Onde Jesus “cheirou” e acolheu compreensão da parte da mulher, solidariedade com este momento decisivo de entrega, outros cheiraram “desperdício”. Judas não soube “cheirar” o perfume e o que significava, só seu preço. Em muitas outras ocasiões, Jesus olhará a realidade e verá em sua profundidade dimensões que os outros não são capazes de ver. Daí sua capacidade de recriar a realidade e convertê-la a partir de dentro.
Criar Betânia em nosso interior e em nossas comunidades: lugar da mesa compartilhada, da unção e do cuidado; ambiente que exala perfume do amor, gratidão, amizade, confiança...

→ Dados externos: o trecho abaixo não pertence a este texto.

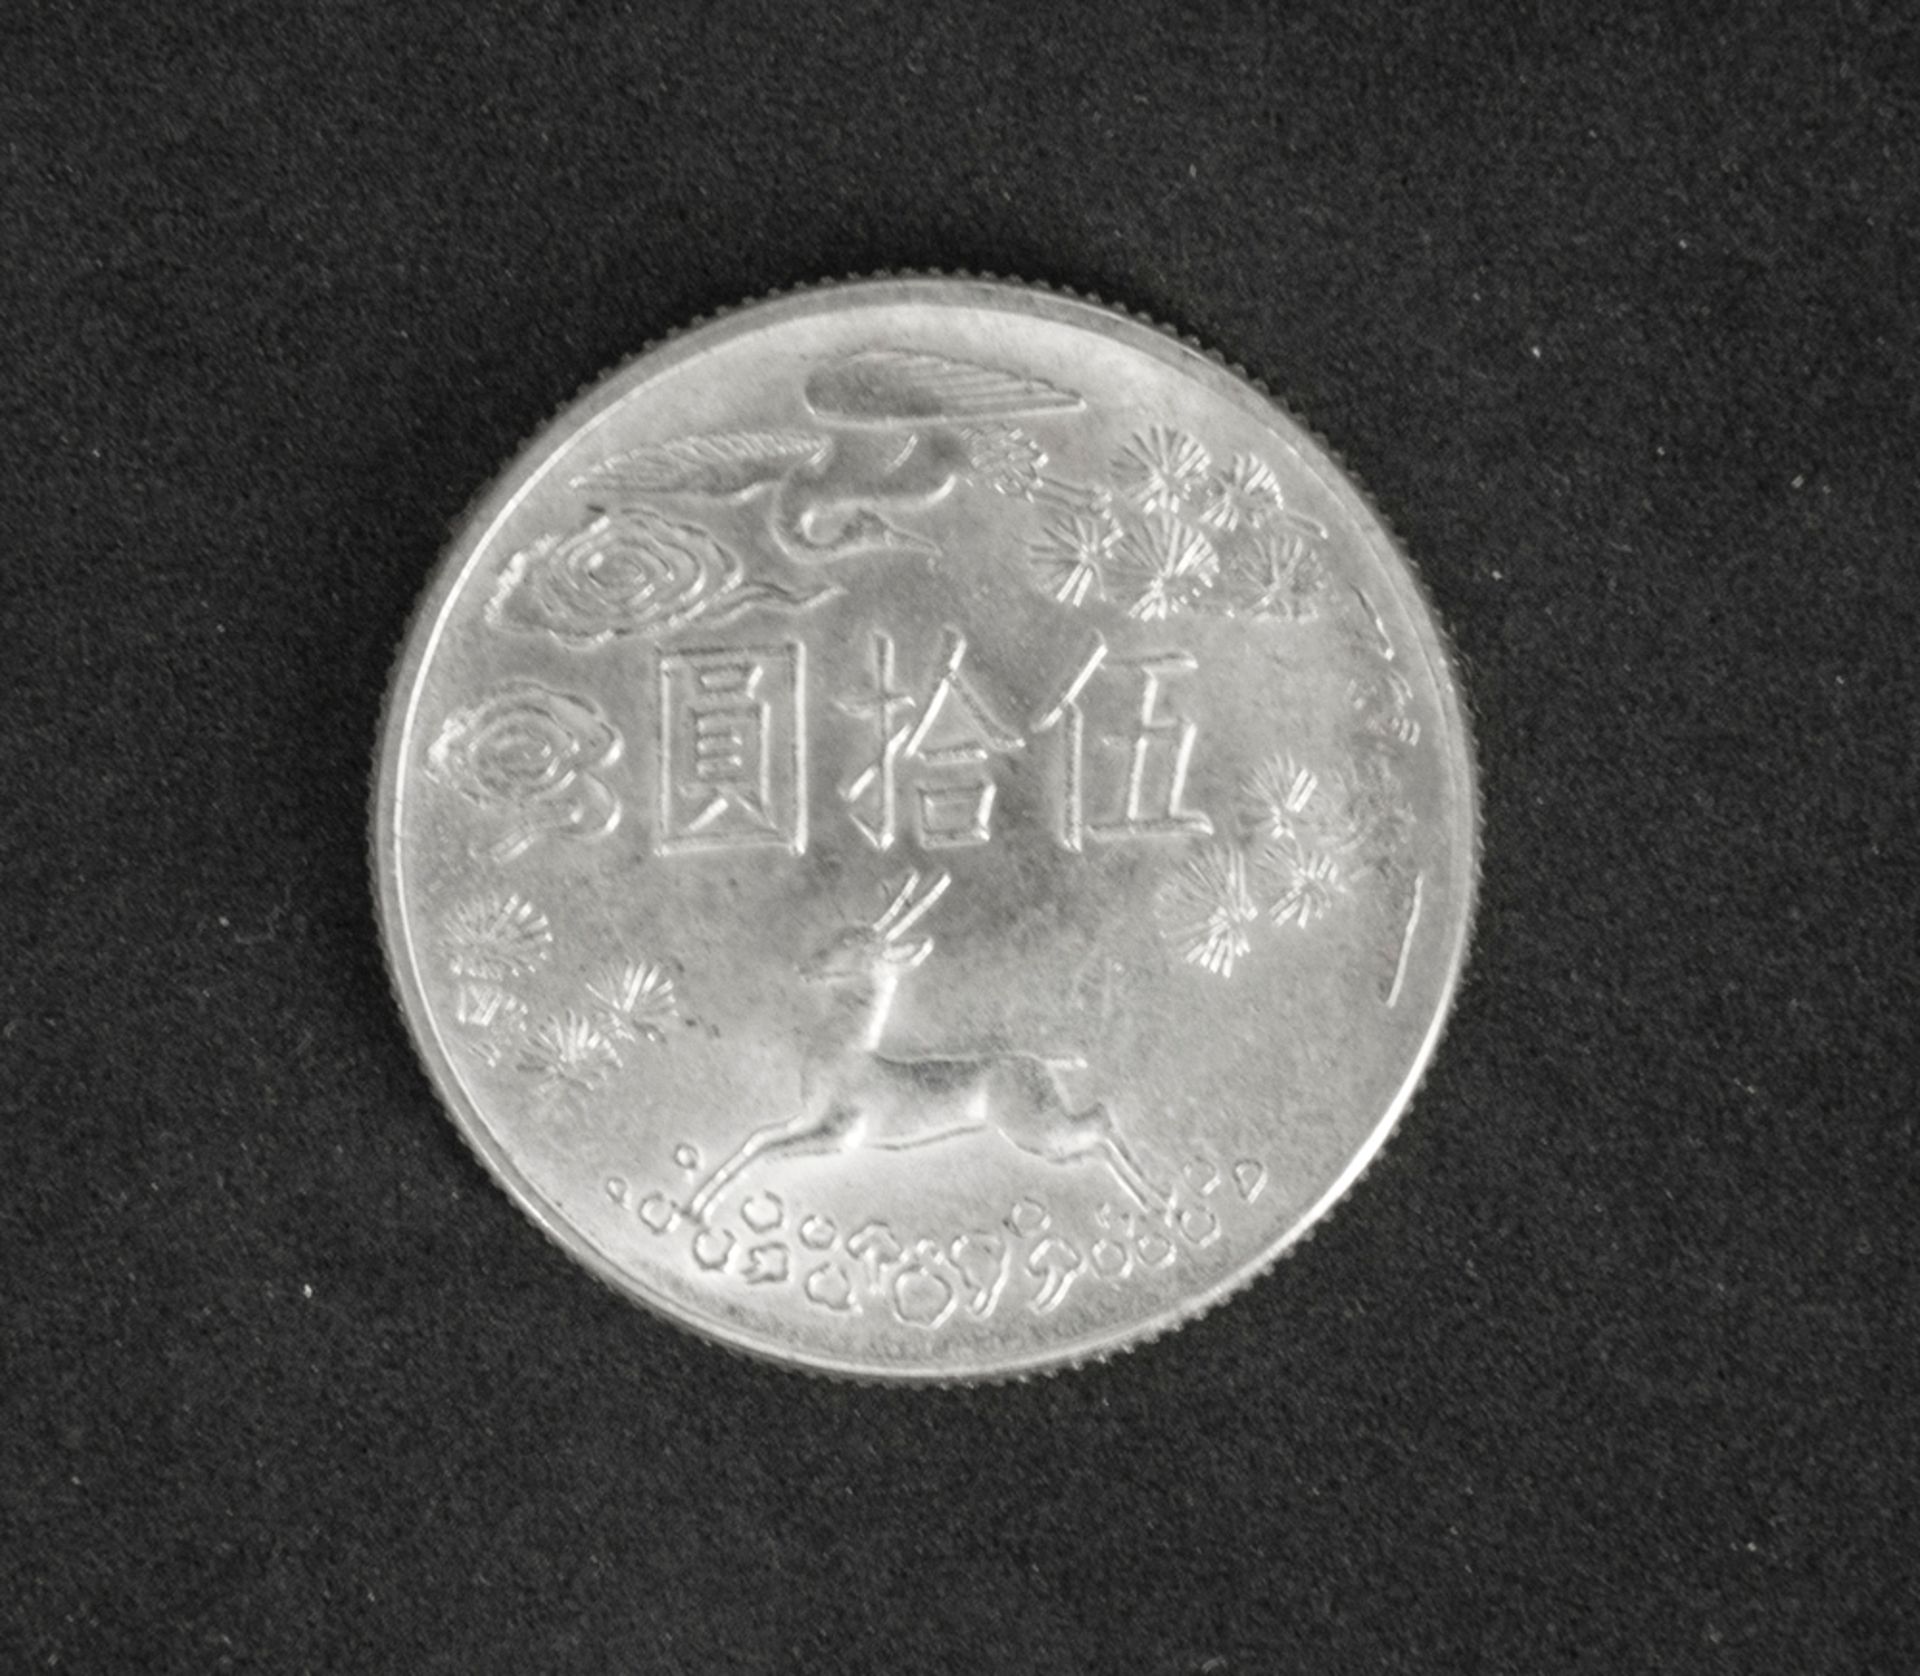 Taiwan 1965, 50 Dollar - Silbermünze. Erhaltung: ss. - Image 2 of 2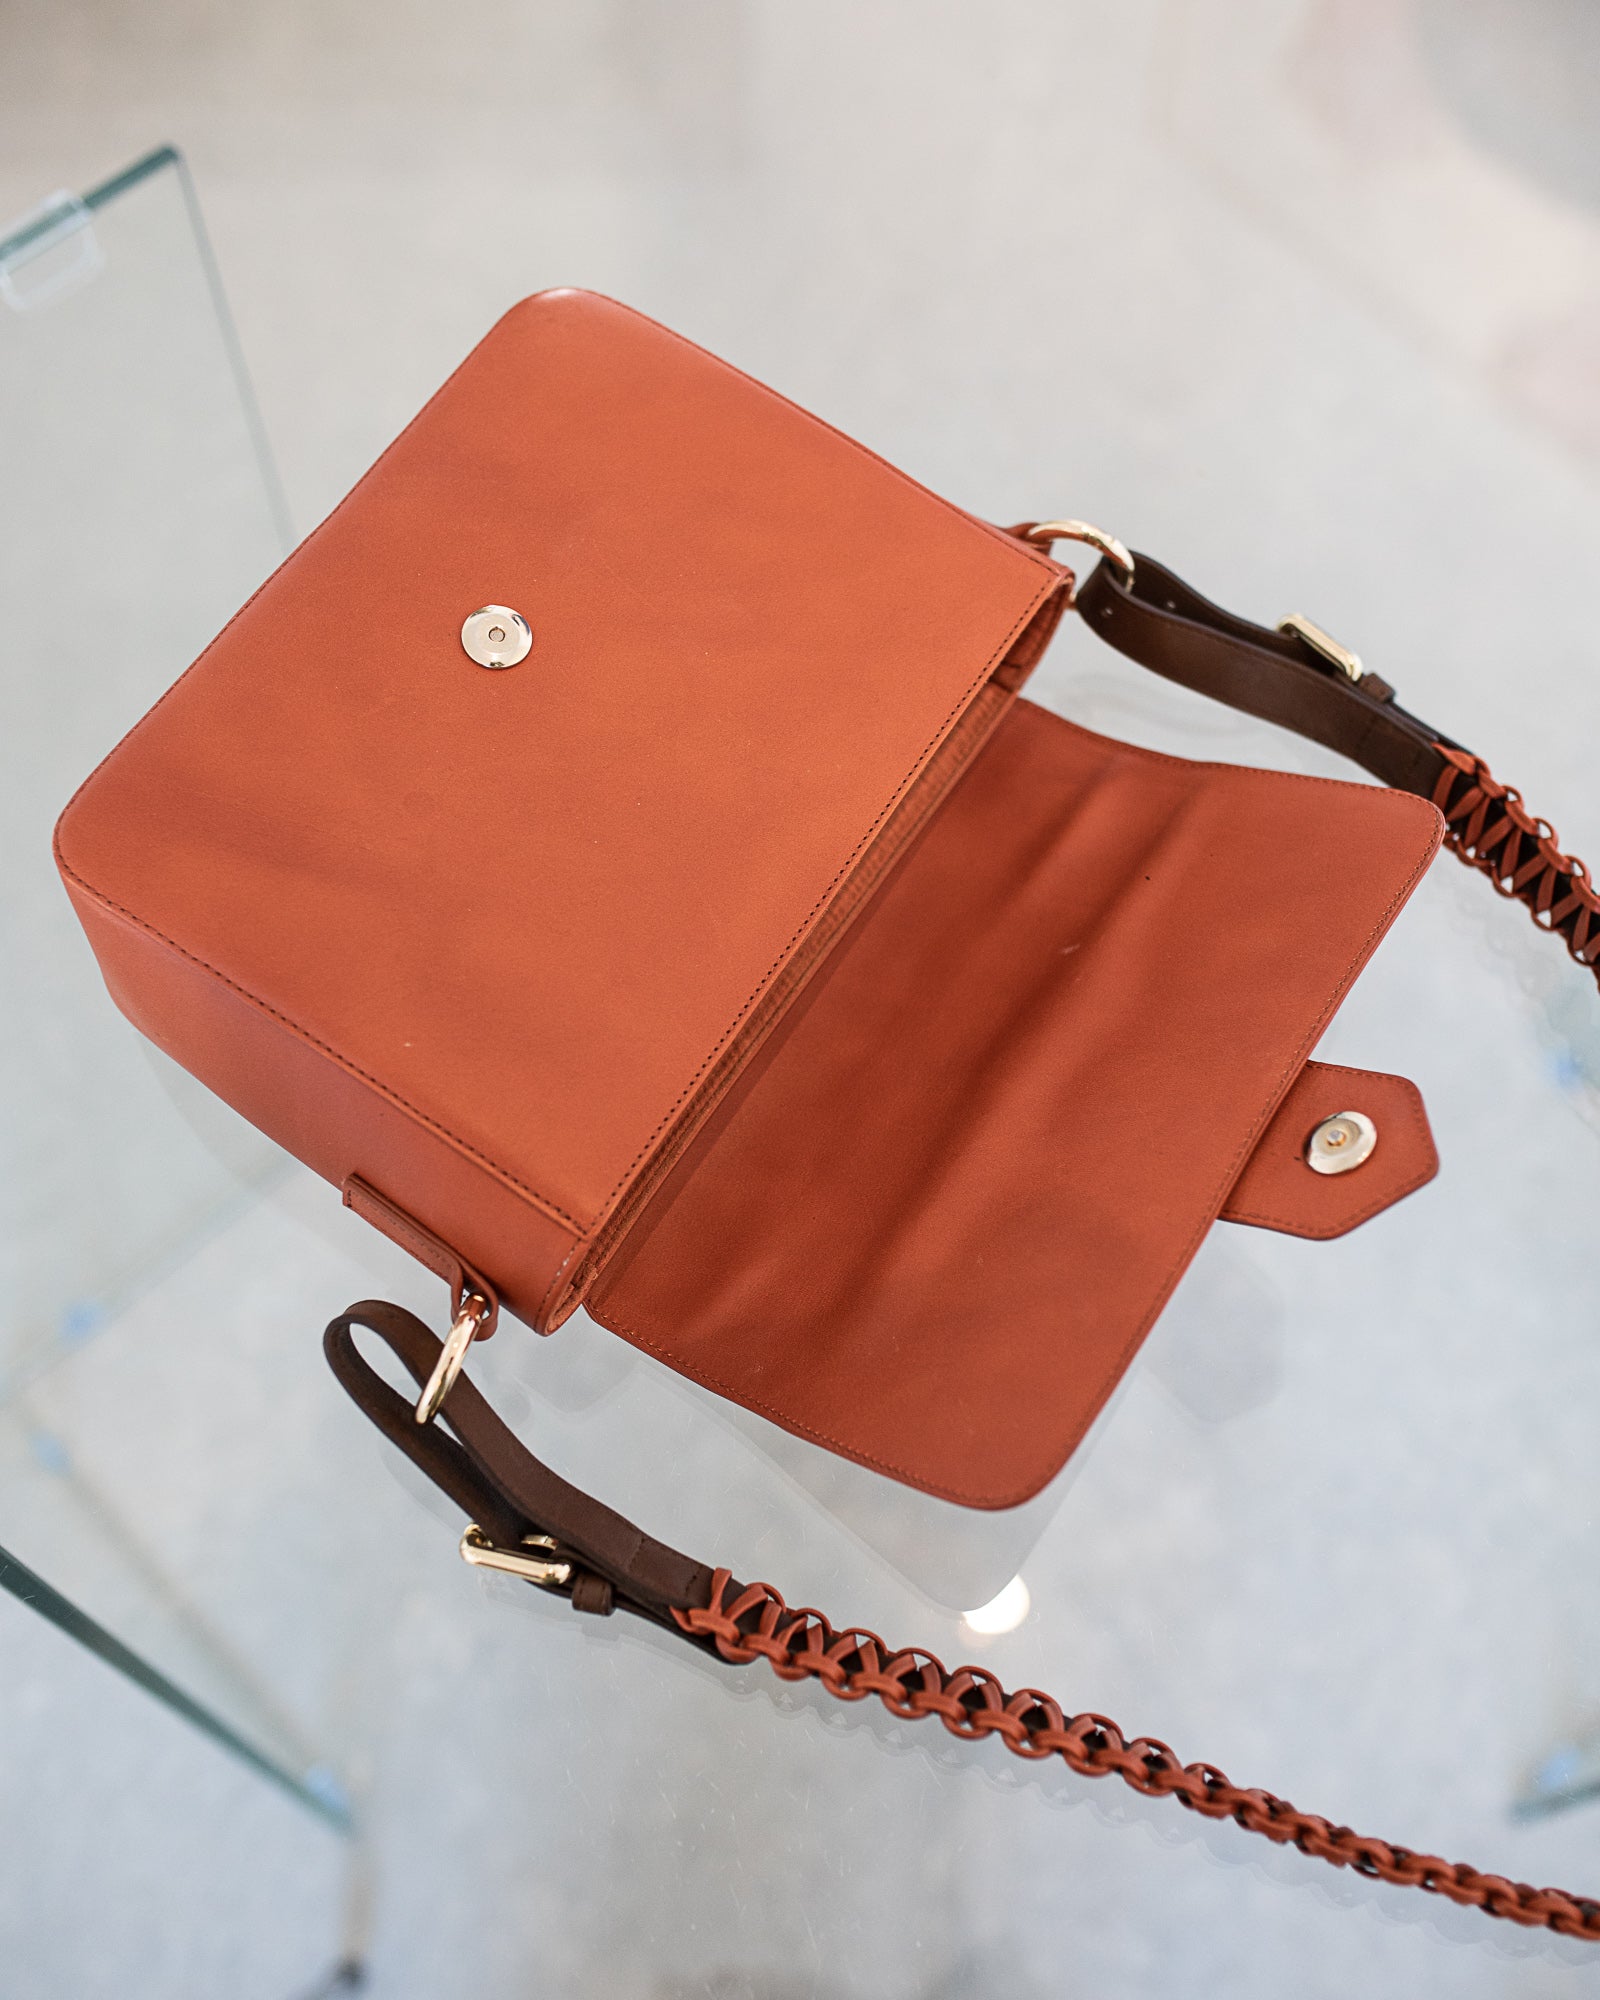 Blankens The Madeira bag leather orange/terracotta coloured bag

Com a imaginação sinta-se impulsionado(a) a estar em Betânia com Jesus, com Lázaro e com suas irmãs, e com aquelas pessoas que fazem parte de sua comunidade;
- Tome consciência que acompanhar uma comunidade implica ser “mirróforo(a)” (portador do perfume), para criar um ambiente que exala perfume da amizade, da gratidão, do amor...
- Procure identificar-se com os personagens desta cena:
+ Com Jesus Mestre, queira fazer-se mais humano e próximo daqueles que compõem sua comunidade.
+ Com Marta, queira deixar transparecer que o seguimento se expressa no serviço gratuito;
+ Com Maria, queira quebrar os frascos e derramar o perfume da escuta e do amor.